Did Moholy-Nagy Phone In These Paintings?

László Moholy-Nagy was a pioneer of multi-media art. He's often credited as a conceptualist too, largely on the strength of the so-called Telephone Paintings of 1922. Three (out of five), each titled Construction in Enamel, are in the retrospective at LACMA, "Moholy-Nagy: Future Present."
As Moholy told it in 1944,

"In 1922 I ordered by telephone from a sign factory five paintings in porcelain enamel. I had the factory's color chart before me and I sketched my paintings on graph paper. At the other end of the telephone, the factory supervisor had the same kind of paper divided in to squares. He took down the dictated shapes in the correct position. (It was like playing chess by correspondence.)"

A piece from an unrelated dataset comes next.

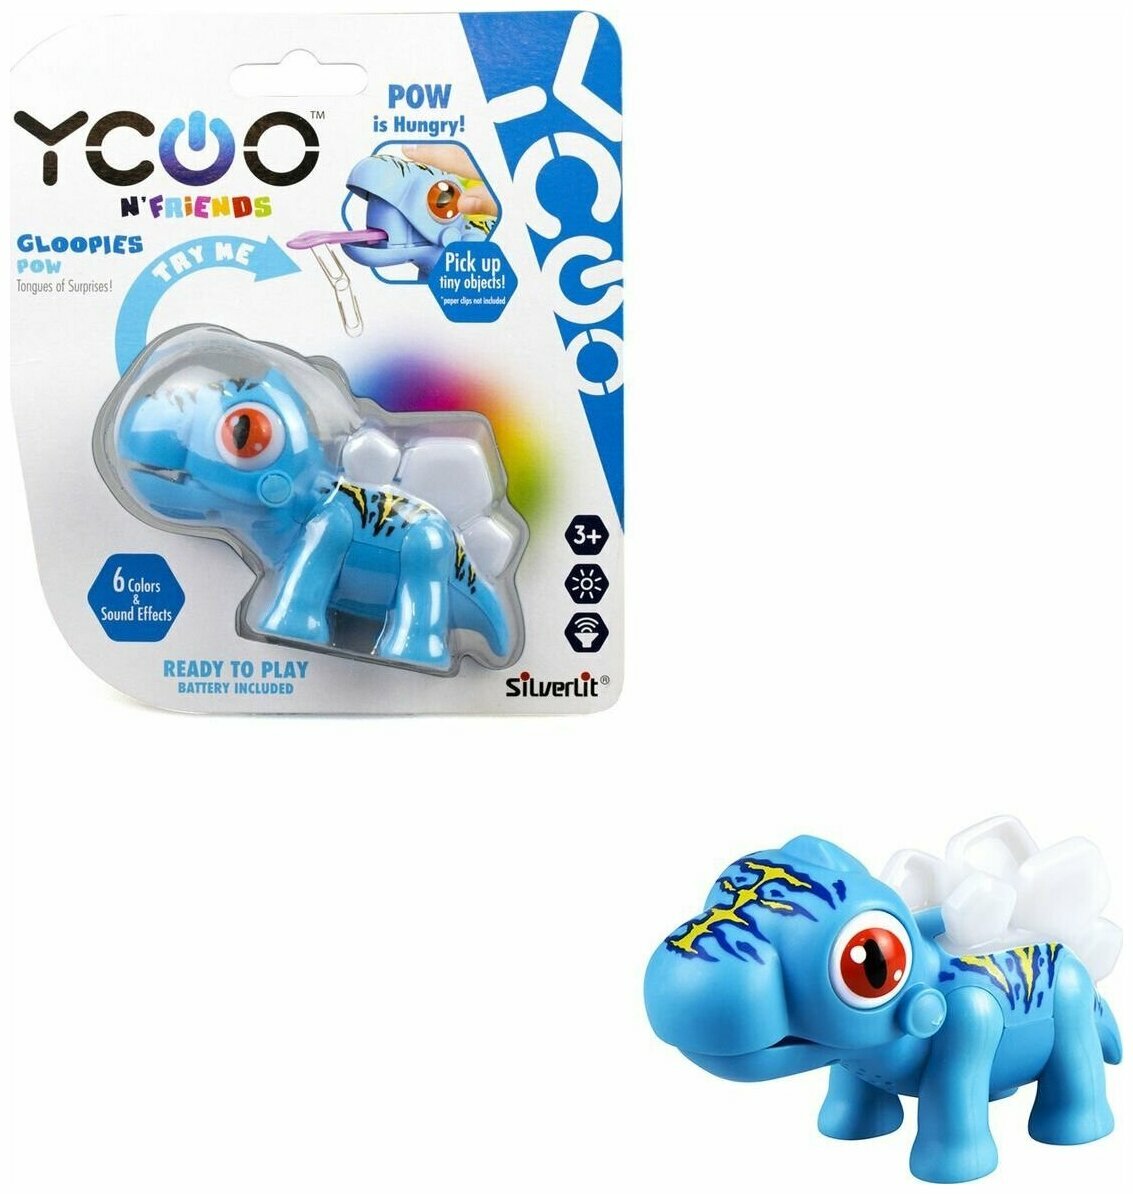 Интерактивная игрушка Ycoo Питомцы Динозавр Глупи, 88581-3, синий

This was long before Donald Judd and Sol LeWitt's plans for art to be executed by someone else. It's also long before the L.A. brand of not-so-minimal conceptualism. But Moholy's tale has been contested. In a 1972 book the artist's first wife, Lucia, said that László went to the sign factory in person to place the order. He told Lucia, "I even could have done it by telephone."
Early abstractionists have been accused of backdating non-objective works in order to stake a claim for art-historic priority. But Moholy couldn't have wanted to forge conceptualist credentials in the 1940s. Conceptualism wasn't a thing. My guess is that Moholy embellished the truth for the sake of good story. Not in dispute is that Moholy hired a commercial sign painter to create works from his instructions, which he then displayed as "art." That was insane for the time, and it's one reason that Moholy resonates today.
The telephone paintings invite comparison to Pasadena Museum curator Walter Hopps' account of Ed Ruscha's poster for "New Painting of Common Objects." Hopps wrote,

"Edward Rusha designed the poster by calling up a commercial printer who made posters for concerts and boxing matches. Ruscha dictated all the copy over the phone, and his only directions on the type and style were to 'make it loud!'"
The telephone paintings also resonate with the conceptualism of John Baldessari's commissioned paintings (shown, Baldessari's Commissioned Painting: A Painting by Edgar Transue, 1969) and Martin Kippenberger's billboards commissioned from commercial painters.
Somewhere after Kippenberger, digital technology replaced sign painters. The commercial was no longer conceptual. It was just cost-effective. Today artists routinely use digital sign makers to produce work on a big scale. MOCA Grand Avenue is currently sheathed in a commercially produced vinyl reproduction of a Jonas Wood painting, Still Life With Two Owls. Wood did a billboard for New York's High Line, and Henry Taylor is doing another.
Moholy-Nagy's telephone paintings also anticipate the Internet painting mills that will copy any painting, at any size. The Chinese factory Artisoo.com knocks off Moholy-Nagy telephone paintings in seven sizes, more that Moholy-Nagy offered.